ECO DEL BARATRO – Azione

 
Gruppo: Eco Del Baratro
Titolo:  Azione
Anno: 2013
Provenienza:   Italia
Etichetta: Autoprodotto
Contatti: Facebook  Bandcamp
 
TRACKLIST

  1. Nuovo Giorno
  2. Testa Di Cane
  3. Divisione
  4. Sballata
  5. Muse D’Acqua
  6. Carcassa Silente
  7. Il Nemico Sbagliato
  8. Sull’Erba
  9. Gioia Eterna
  10. Otto Secondi Di Stupore>
DURATA: 35:15
 

I trentini Eco Del Baratro furono ospiti di Aristocrazia in occasione dell'uscita di "Caro Estinto", e il loro primo album lasciò un bel ricordo nella mia memoria: la formazione — ingenua e genuina — fornì una rappresentazione chiara del disagio che da cui era attanagliata in quel periodo con una prestazione carica d'istintività.
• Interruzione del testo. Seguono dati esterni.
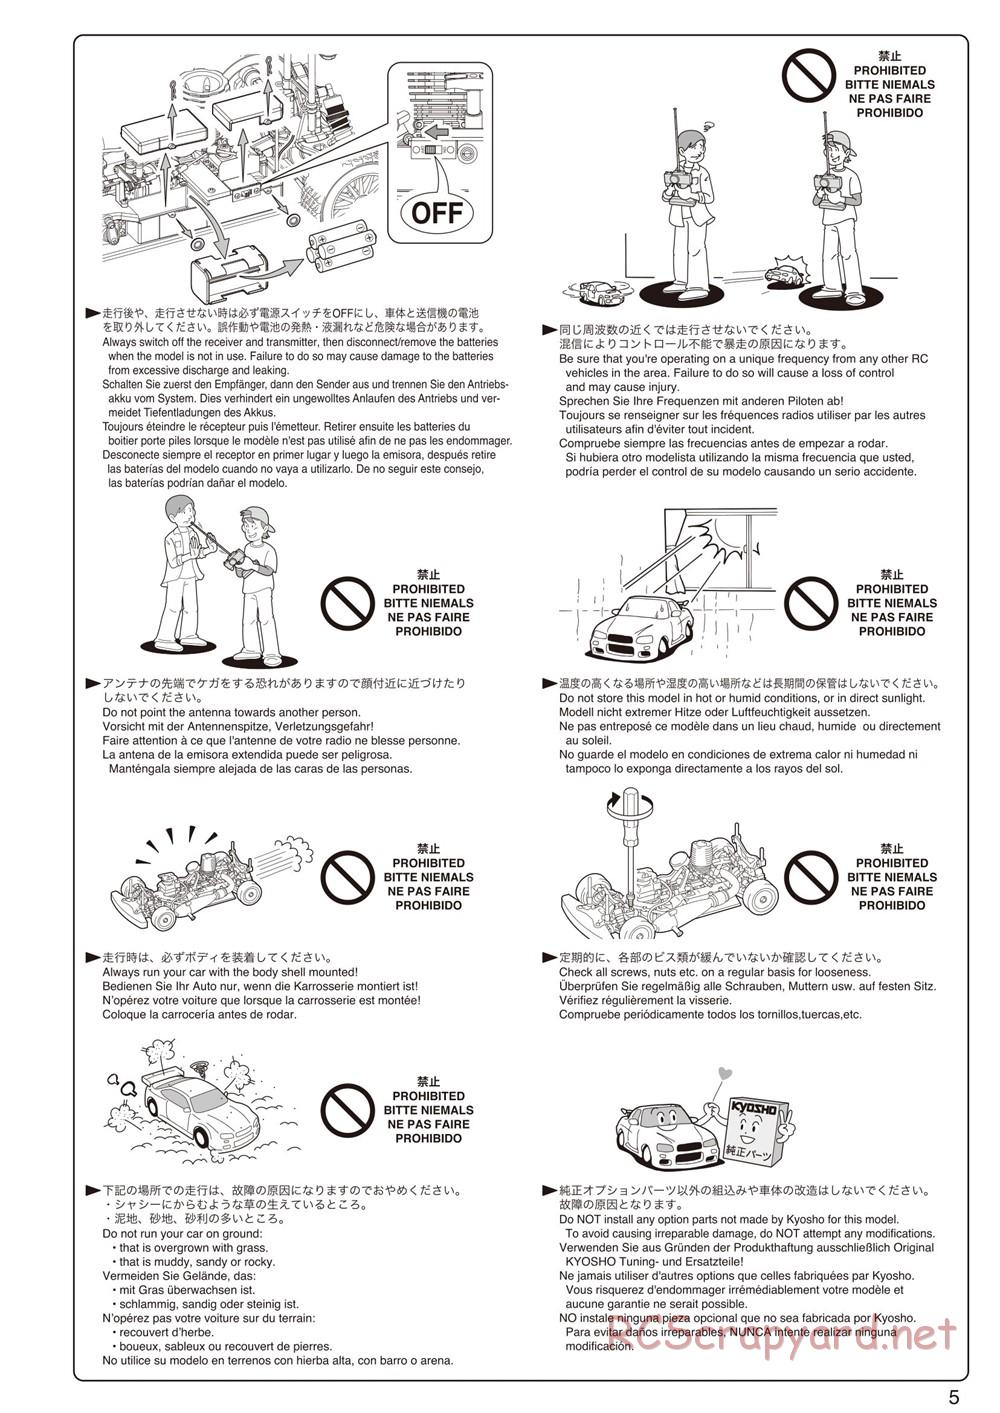 Kyosho - DRX - Manual - Page 5

A due anni di distanza da quell'album è arrivato il momento di proporne il successore: è stato da poco pubblicato "Azione", che sembra in tutto e per tutto volersi contrapporre all'apatia immobilizzante che caratterizzava il primo capitolo. Questo disco offre infatti una prestazione che muta il suo aspetto, soprattutto per ciò che concerne l'umore dei brani: sono incazzati e riottosi, vogliosi di sfogarsi, utilizzando la veemenza di una sezione ritmica spesso su di giri e l'ossessione creata da un riffato che si ripete, incastonandosi nel cervello, tutte armi da taglio per affondare nelle carni.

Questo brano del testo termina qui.